How lithium could be Calif.’s next ‘gold rush’

By David Ferris, David Iaconangelo | 10/30/2019 07:53 AM EDT

IMPERIAL COUNTY, Calif. — Energy companies operating near California’s Salton Sea are making an expensive gamble on efforts to tap a vast reserve of U.S. lithium deposits and cash in on a new market for electric cars.

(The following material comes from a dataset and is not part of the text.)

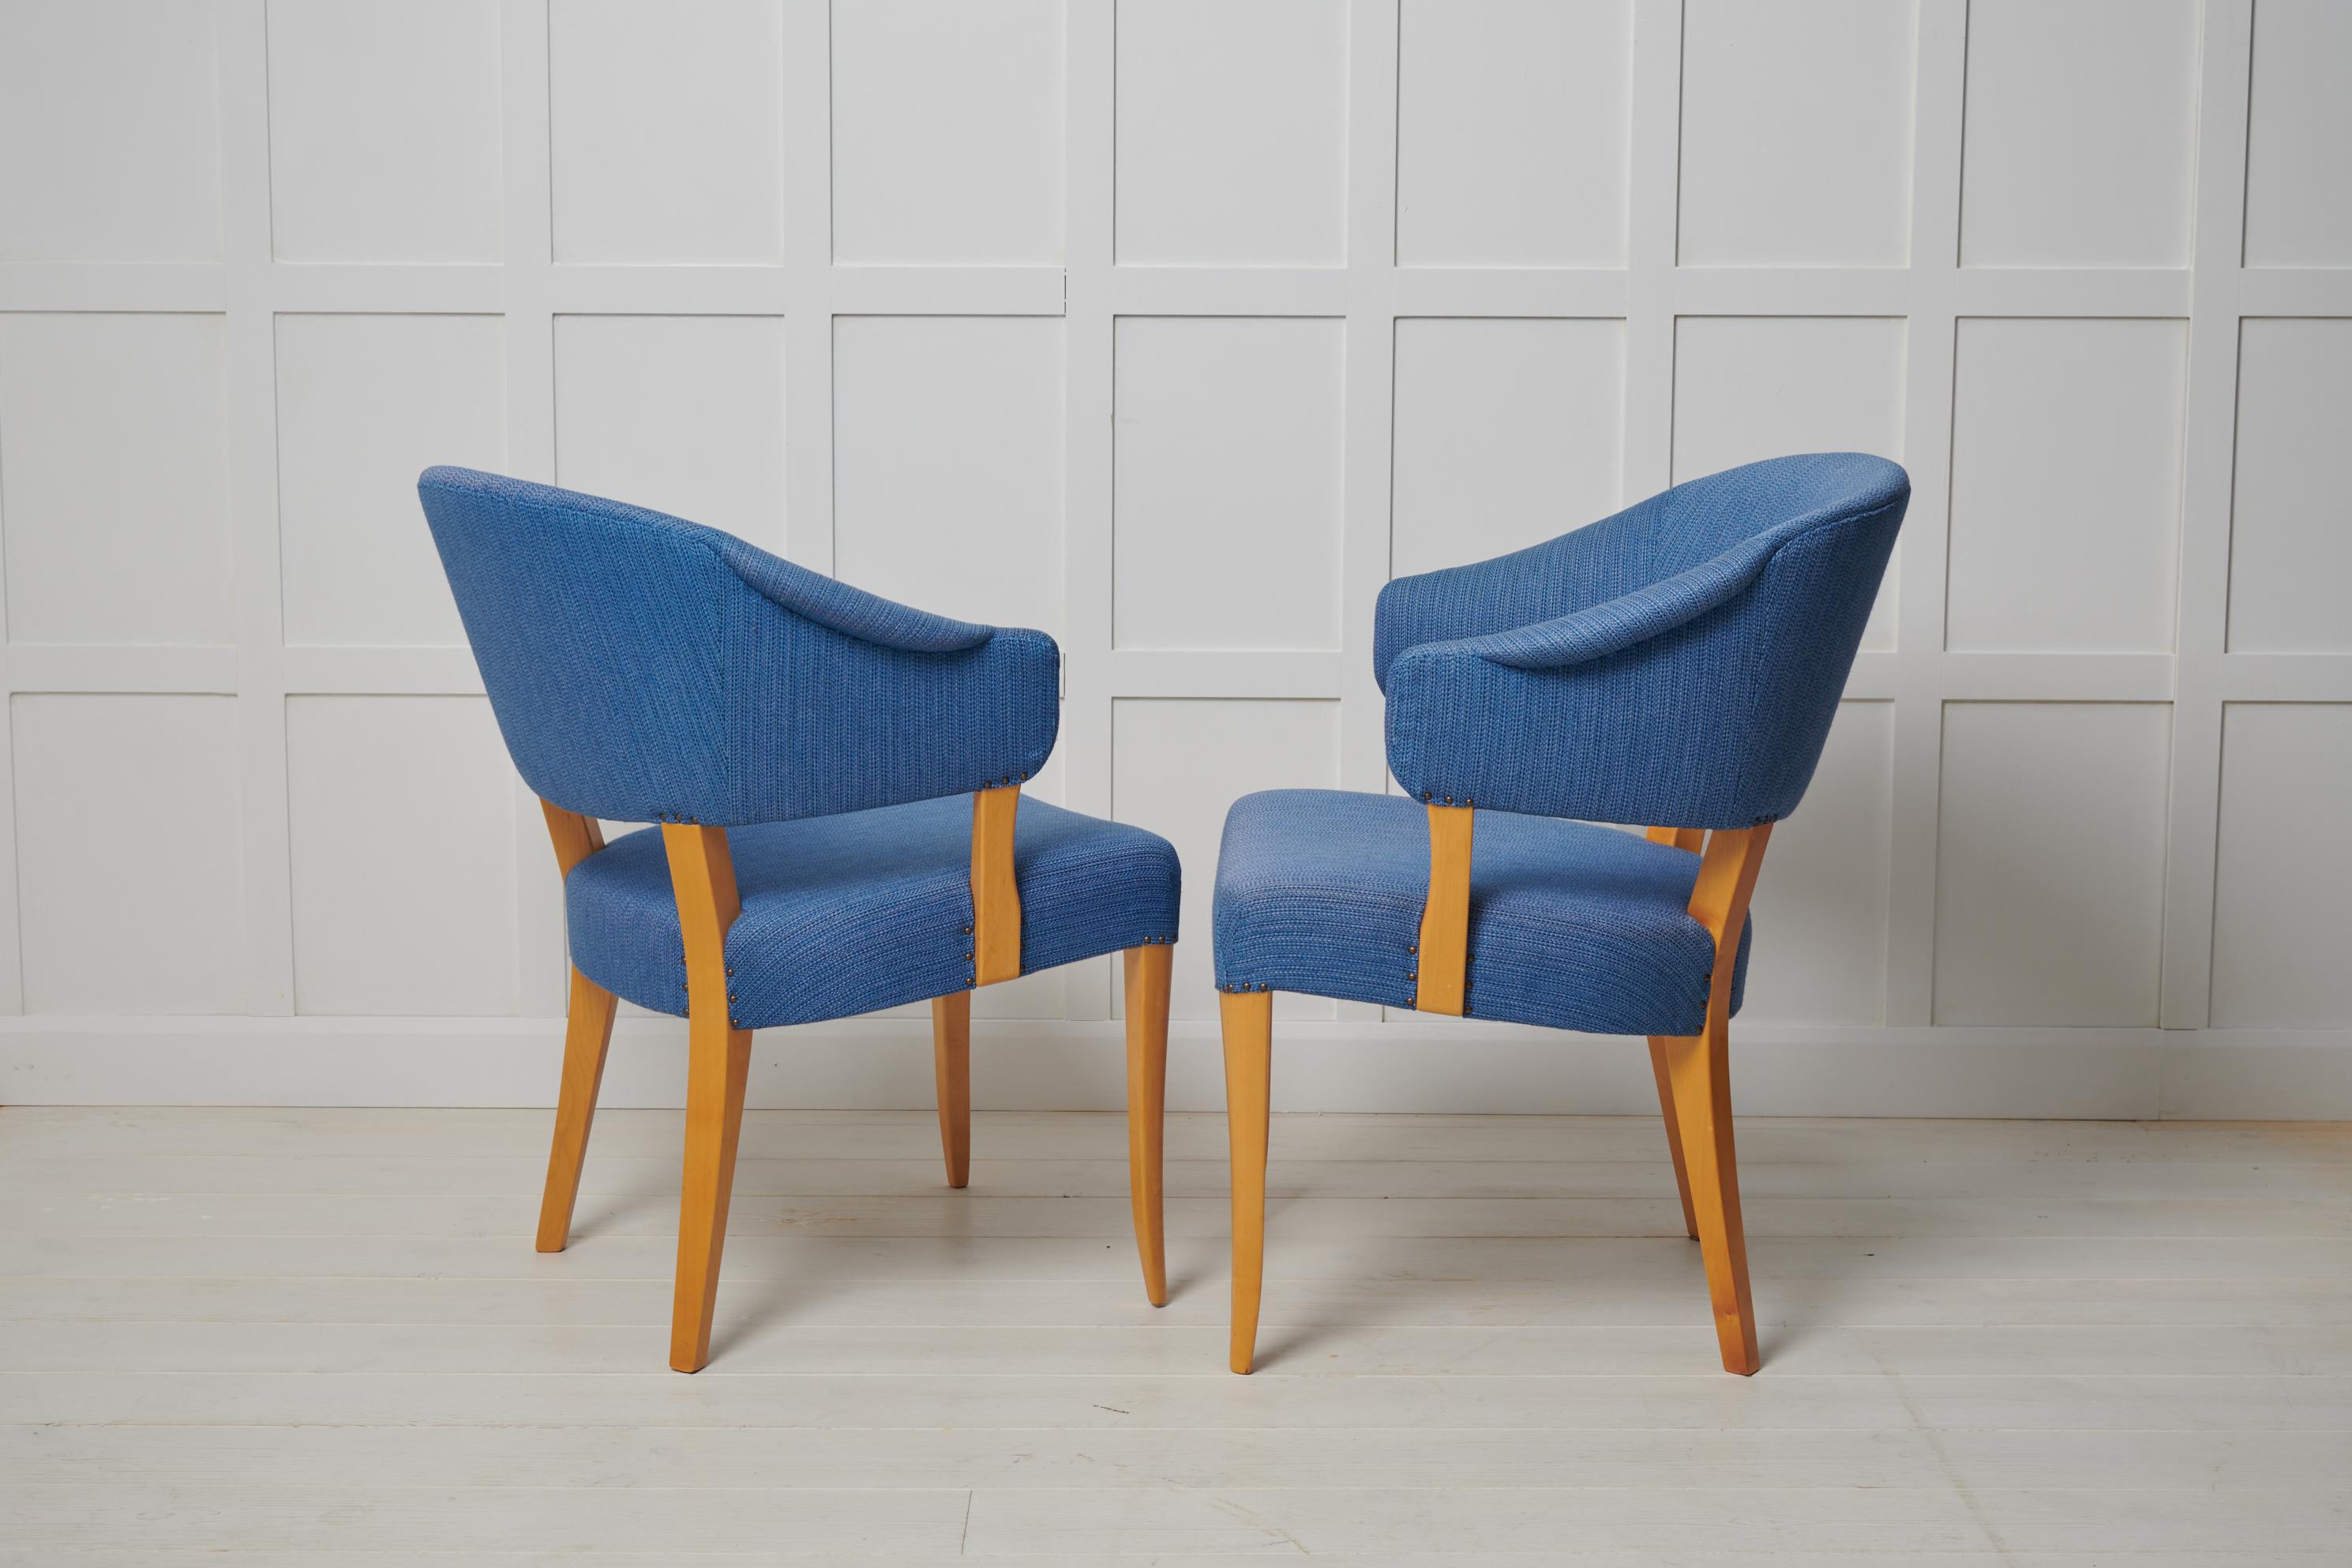 20th Century Scandinavian Modern by Carl Malmsten ”Lata Greven” Pair of Chairs  For Sale

Mud pots formed by subterranean minerals and steam grow near the shore of California's Salton Sea, in the southeastern desert of California. In the background is the EnergySource geothermal plant, which hopes to be the first in the world to produce both electricity and lithium.

Mud pots formed by subterranean minerals and steam grow near the shore of California's Salton Sea, in the southeastern desert of California. In the background is the EnergySource geothermal plant, which hopes to be the first in the world to produce both electricity and lithium. David Ferris/E&E News

IMPERIAL COUNTY, Calif. — Derek Benson walks to the spot where the brine, surging upward from the depths, finds its outlet into the John L. Featherstone geothermal power plant. The pipe is 2 ½ feet in diameter and made of super-strong steel, but it trembles and squeaks like a living thing.

The pipe is covered by a metal lid that is hot to the touch. Remove that lid, and a torrent of brackish, brown water combined with steam would be unleashed, cooking anyone in its path at a temperature of 400 degrees Fahrenheit.

The salty gunk and steam passing through the maze of pipes can produce up to 55 megawatts of electricity. It comes from under the shores of the Salton Sea, a man-made lake in the far southeastern desert of California.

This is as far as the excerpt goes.